→ **Given records**:
::::::::::

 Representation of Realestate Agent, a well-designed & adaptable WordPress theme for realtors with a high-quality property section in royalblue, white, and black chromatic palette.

::::::::::

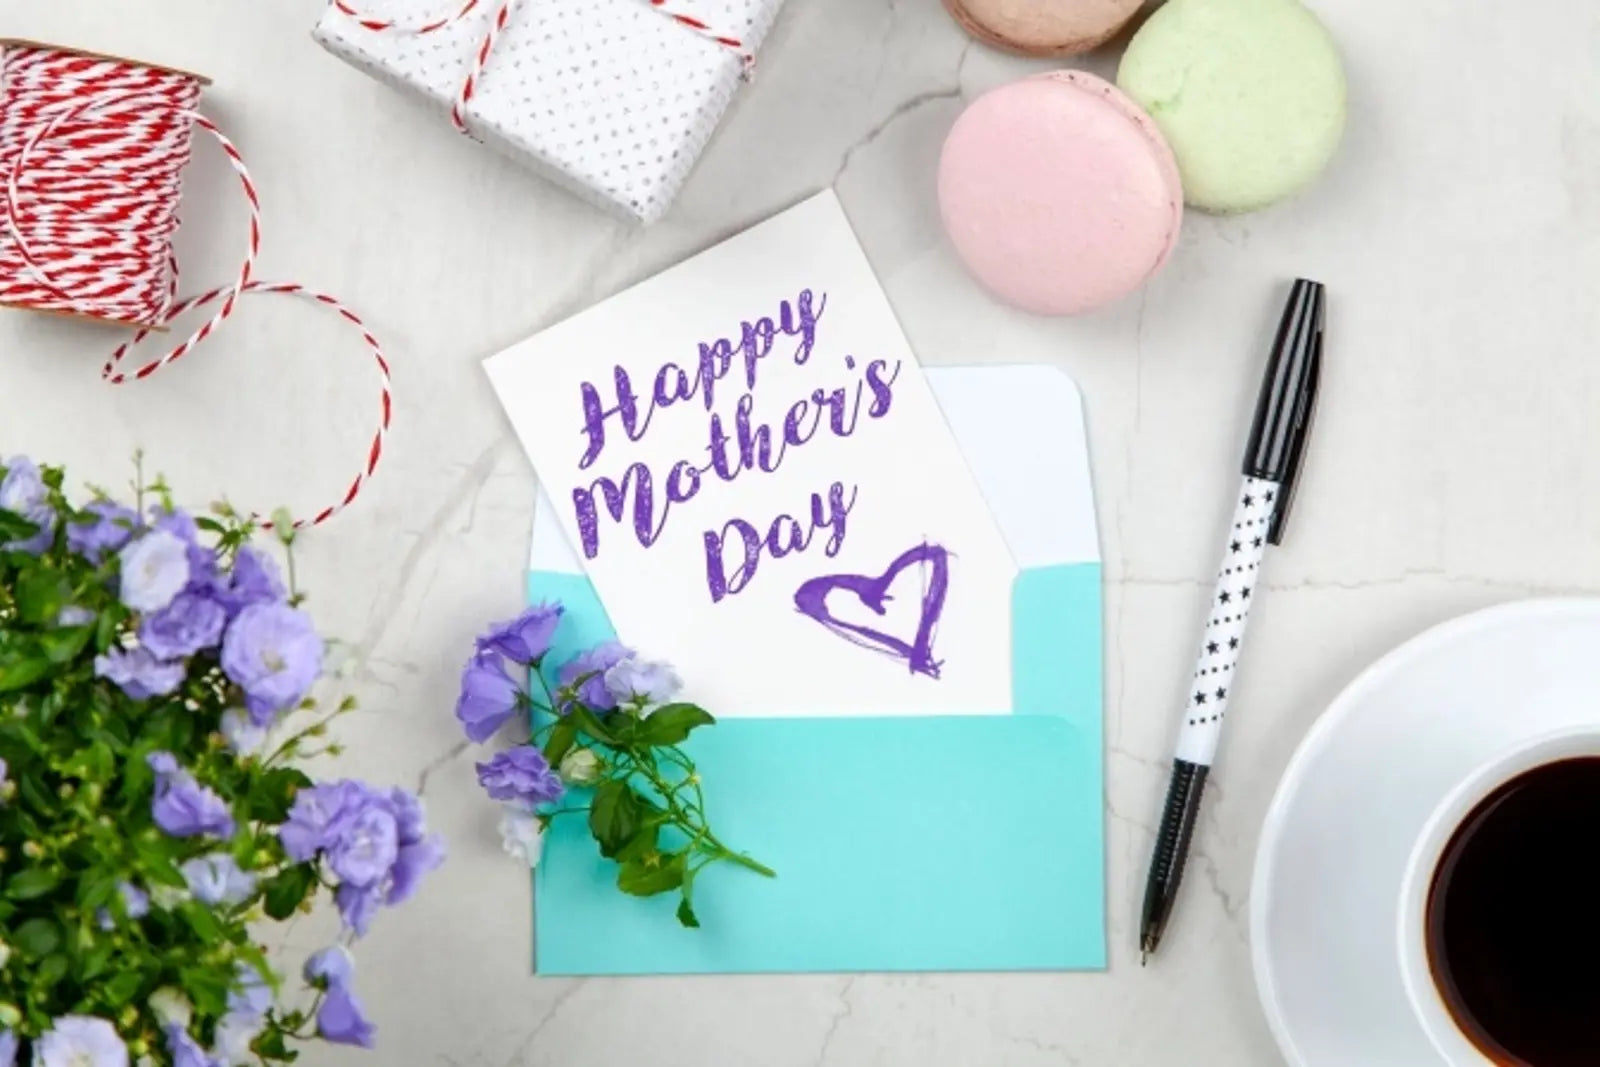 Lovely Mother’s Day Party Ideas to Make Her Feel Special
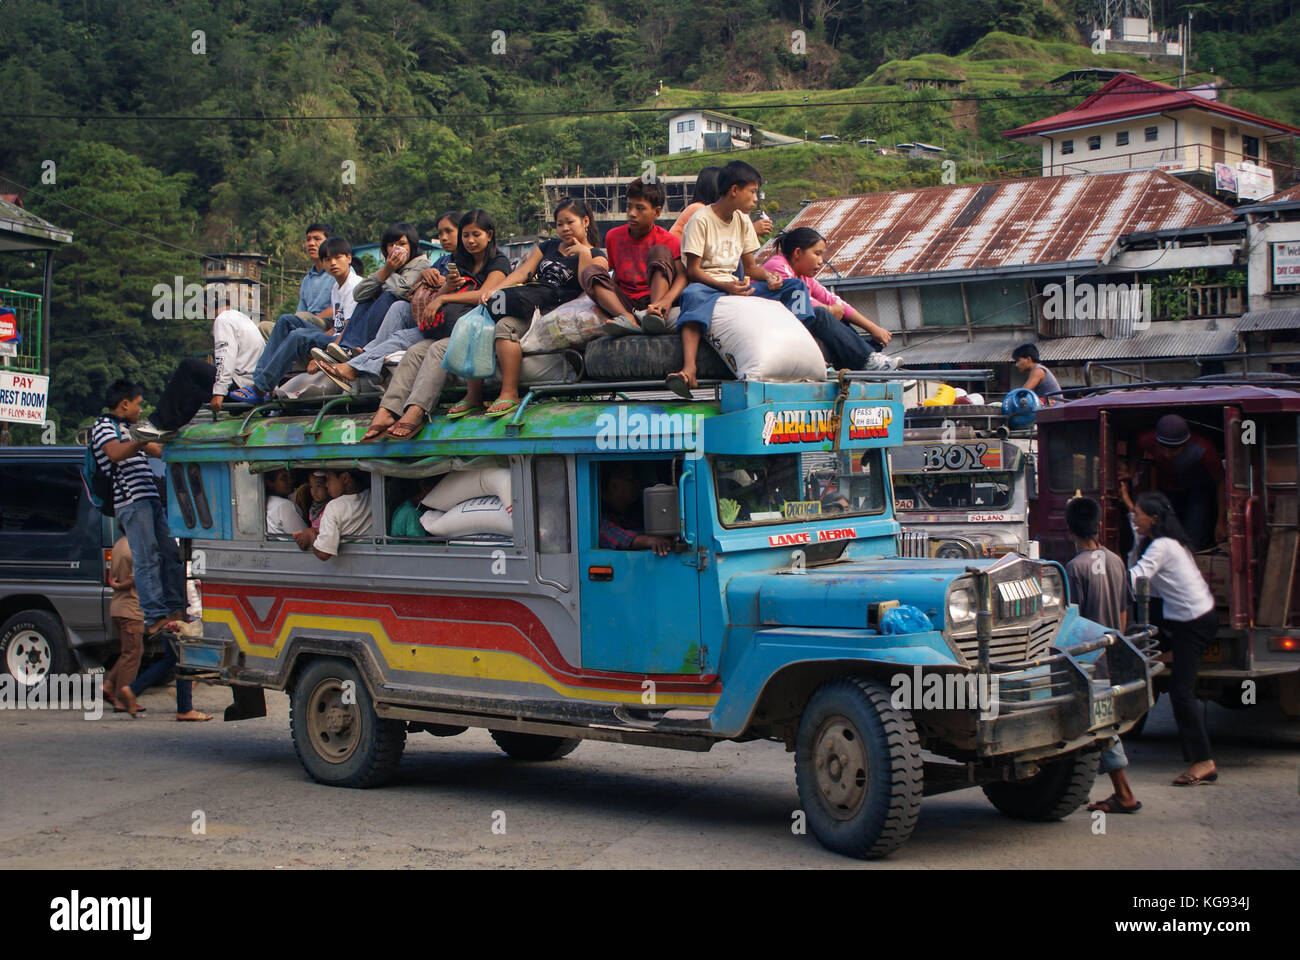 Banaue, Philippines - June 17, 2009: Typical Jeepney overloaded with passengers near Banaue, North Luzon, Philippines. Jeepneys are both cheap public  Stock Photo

::::::::::

→ **Aim of the task**:
Everything above from the line with "Lovely Mother’s Day" through the line with "Banaue, Philippines - June" should be retyped exactly, and nothing else; omit pictures.

→ **Problem solution**:
 Lovely Mother’s Day Party Ideas to Make Her Feel Special
 Banaue, Philippines - June 17, 2009: Typical Jeepney overloaded with passengers near Banaue, North Luzon, Philippines. Jeepneys are both cheap public  Stock Photo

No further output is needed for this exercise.